Geoff Gjertson, a professor of architecture, received the first Leadership Service Award. The new award recognizes a faculty member who is committed to combining service learning with classroom instruction to provide students with skills and knowledge that help them become community leaders.

Recipients were recognized at the Foundation’s Eminent Faculty Awards banquet held at Le Pavillon in Parc Lafayette.

Habib has published 52 journal articles and five book chapters. He received the Best Journal Award from the American Society of Civil Engineers. Habib also earned the society’s Watershed Excellence Award. He led a multi-institutional effort to develop “HydroViz,” a platform that promotes education in hydrology, water, resources, and coastal ecosystems.

During his 12 years at the University, he has generated  $4 million in external research funding, including $2 million from the National Science Foundation.

“Dr. Habib is committed to producing high quality research, and his work has been recognized by peers at the national and state levels, as illustrated by the competitive awards and grants he has received,” noted Dr. Keith McManis, head of the Department of Civil Engineering.

Tetnowski, an accomplished researcher, is an expert in fluency disorders, commonly referred to as stuttering. He is a respected scholar in stuttering research and clinical teaching. Tetnowski has published 65 manuscripts and edited one book.

He is a board member of the National Stuttering Association and founder of its Lafayette chapter. Tetnowski is also a fellow of the American Speech-Language-Hearing Association.

Tetnowski has mentored 12 doctoral students at the University over the past 17 years.

“John has established himself among the top echelon of researchers and scholars in fluency disorder. He is also recognized as a talented clinician,” said Dr. Nancye Roussel, head of the Department of Communicative Disorders.

Leroy teaches online courses in advanced writing and technical writing. She played an integral role in the design and launch of the Professional Writing Program offered by the Department of English.

Leroy was a member of a team from the department who developed a graduate certificate in professional writing. She has extensive knowledge in the pedagogy of professional writing. She is also focused on recruiting and retention, and developing partners in business and industry.

“Shelly Leroy is one of the English Department’s most talented, caring, committed, and valued teachers,” said Dr. Jordan Kellman, dean of the College of Liberal Arts.

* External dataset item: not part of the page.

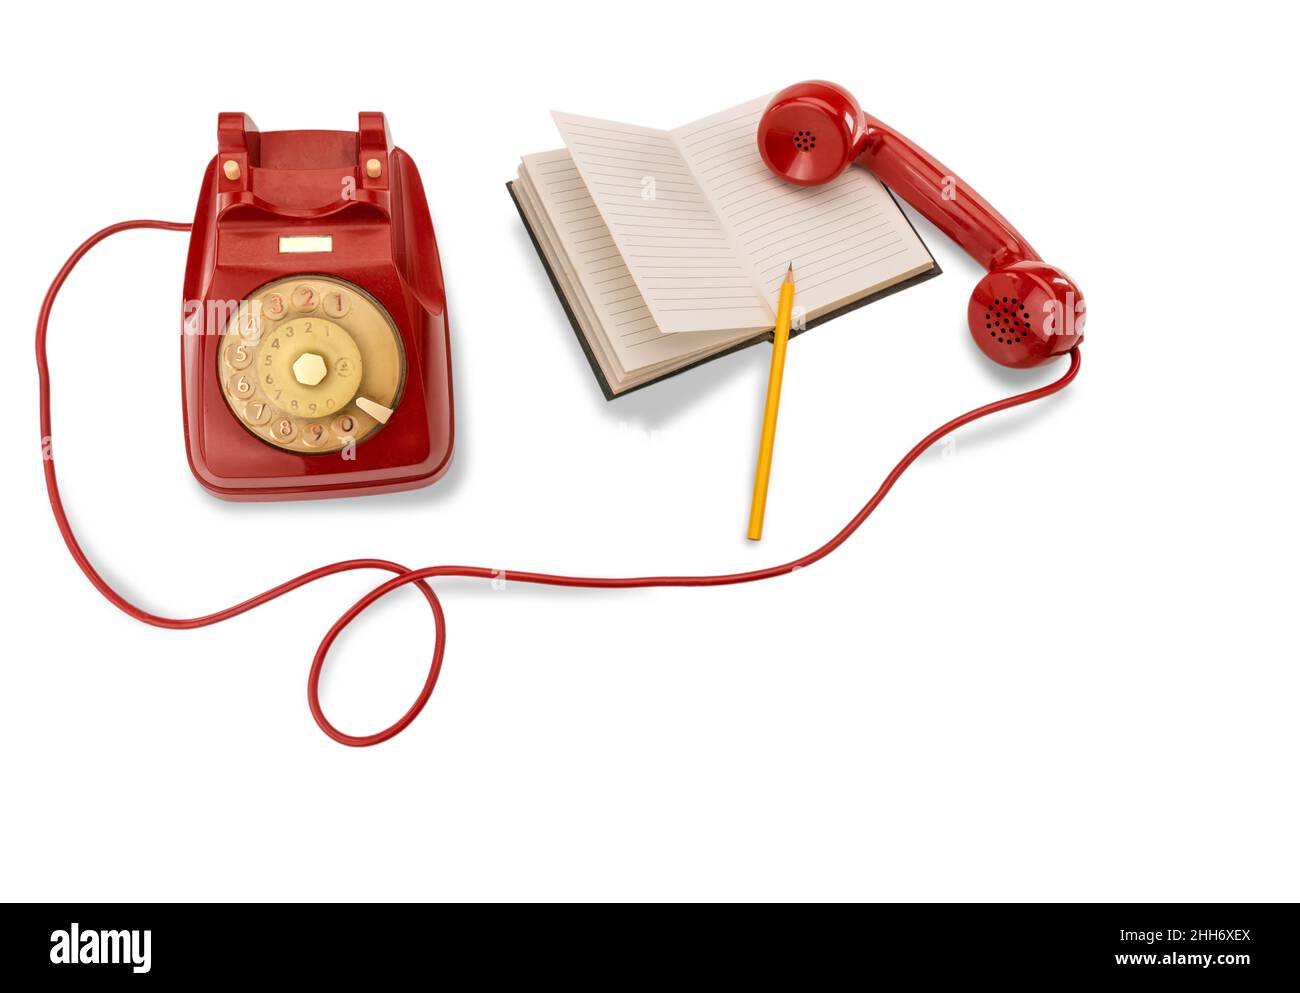 Old red rotating dial telephon with lined notebook and yellow pencil in top view isolated on white background, copy space Stock Photo

Mire-Watson founded the Department of Biology’s Undergraduate Research Symposium.

She was instrumental in the development of the University’s Science Day. The College of Science hosts high school juniors and seniors for tours of the Biology, Chemistry, Mathematics and Physics departments, and to participate in experiments and science-related activities.

Dr. Paul Leberg, head of the Department of Biology, praised Mire-Watson’s innovative pedagogical approaches. “Typically, it is hard to be innovative in large sections with hundreds of students, but this has not stopped her from experimenting with novel ways to explain complex topics,” he noted.

During her 20 years at the University, Mire-Watson has helped generate over $600,000 in grants from the National Science Foundation and from the National Institutes of Health.

Gjertson has helped develop student-led coalitions of public, industry private, and University partners in the design and construction of community buildings.

“Under his mentorship, students receive experience working with the community and getting real-world experience in designing and building projects,” said Tom Sammons, director of the School of Architecture and Design.

One example is the Camellia Boulevard Gridshell Pavilion, a dome-shaped, open-air structure students designed and built with input from engineers and contractors and students at other universities, including Dalhousie University in Nova Scotia.

The pavilion consists of a framework of crisscrossed oak slats topped with white aluminum panels. The “grid” of wood is affixed to low concrete walls that rim a concrete floor.

It stands on green space near Mount Vernon Drive, the first feature at an art park.